Centro de Investigación en Computación, Instituto Politécnico Nacional (CIC-IPN), Avenida Juan de Dios Bátiz, Esq. Miguel Othón de Mendizábal, Col. Nueva Industrial Vallejo, Delegación Gustavo A. Madero, 07738 Ciudad de México, Mexico.
Comput Intell Neurosci. 2016;2016:4642052. doi: 10.1155/2016/4642052. Epub 2016 Dec 13.
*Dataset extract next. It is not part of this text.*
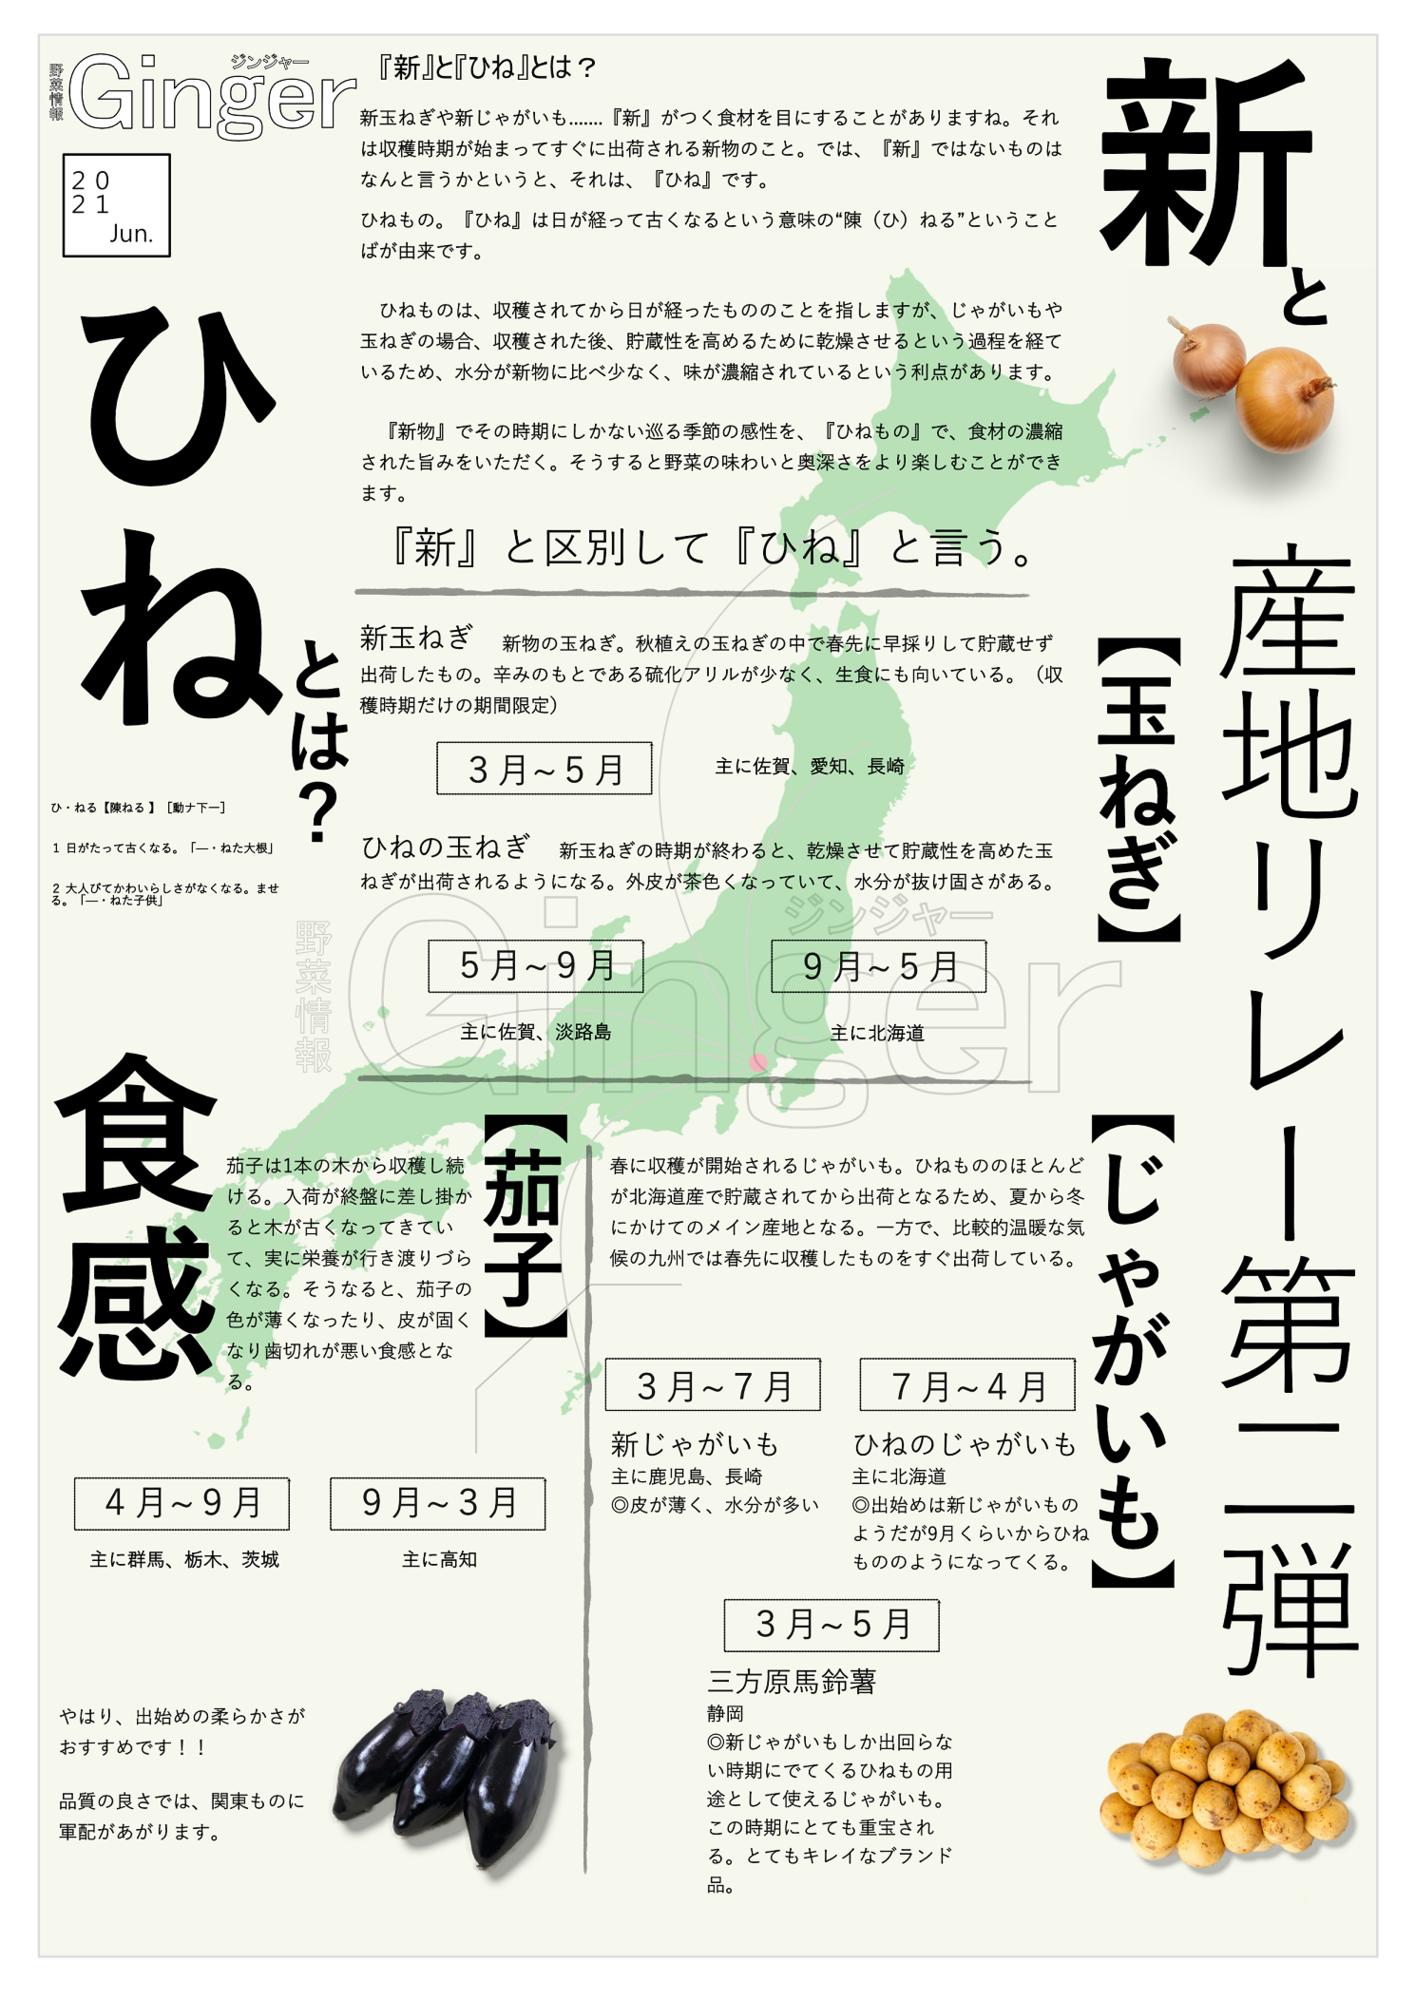 f:id:marusugi-2237:20210603142418p:plain
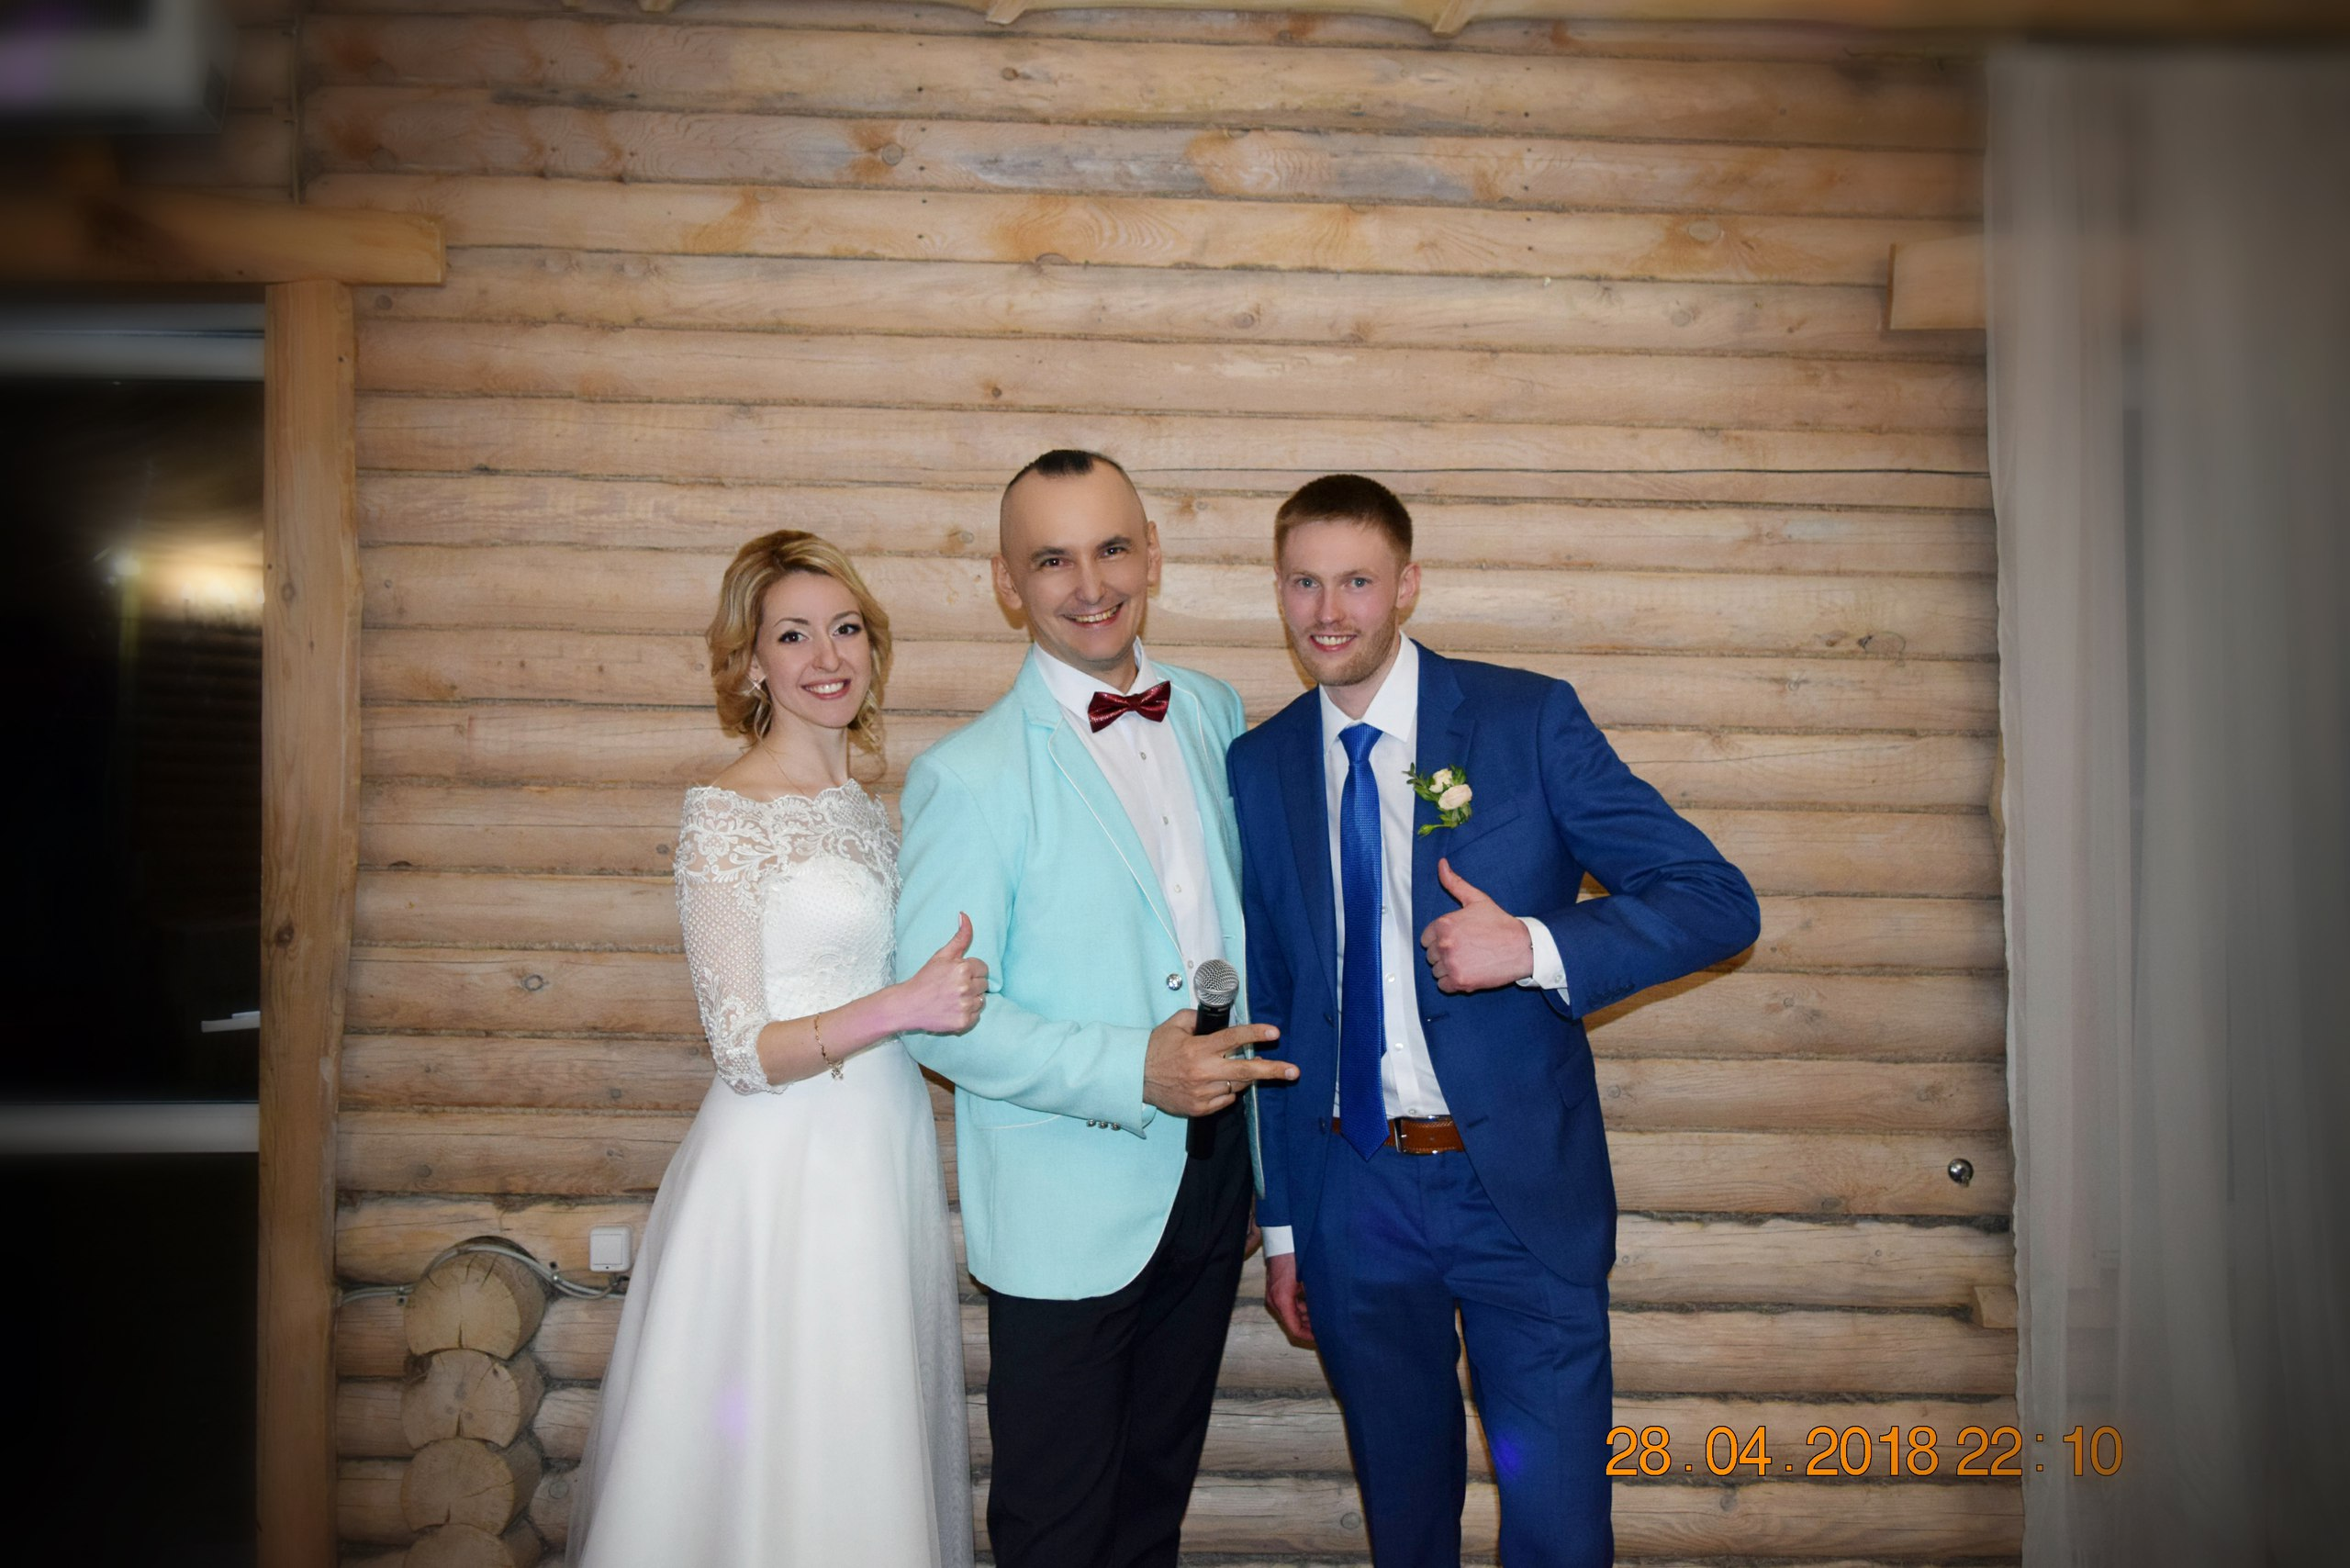 IqjyFRvakaU - Свадьба Данила и Алины

The Artificial Neural Network (ANN) concept is familiar in methods whose task is, for example, the identification or approximation of the outputs of complex systems difficult to model. In general, the objective is to determine online the adequate parameters to reach a better point-to-point convergence rate, so that this paper presents the parameter estimation for an equivalent ANN (EANN), obtaining a recursive identification for a stochastic system, firstly, with constant parameters and, secondly, with nonstationary output system conditions. Therefore, in the last estimation, the parameters also have stochastic properties, making the traditional approximation methods not adequate due to their losing of convergence rate. In order to give a solution to this problematic, we propose a nonconstant exponential forgetting factor (NCEFF) with sliding modes, obtaining in almost all points an exponential convergence rate decreasing. Theoretical results of both identification stages are performed using MATLAB® and compared, observing improvement when the new proposal for nonstationary output conditions is applied.
人工神经网络(ANN)的概念在方法中很常见,这些方法的任务例如是识别或逼近复杂系统的输出,这些系统很难建模。通常,目标是在线确定合适的参数以达到更好的逐点收敛速度,因此本文提出了等效 ANN(EANN)的参数估计,为随机系统进行递归识别,首先是具有恒定参数,其次是具有非平稳输出系统条件。因此,在最后一次估计中,参数也具有随机特性,这使得传统的近似方法由于收敛速度的丧失而不合适。为了解决这个问题,我们提出了一种具有滑模的非恒定指数遗忘因子(NCEFF),在几乎所有点都得到了递减的指数收敛速度。使用 MATLAB®进行了两个识别阶段的理论结果,并进行了比较,观察到在应用新的非平稳输出条件的建议时有所改进。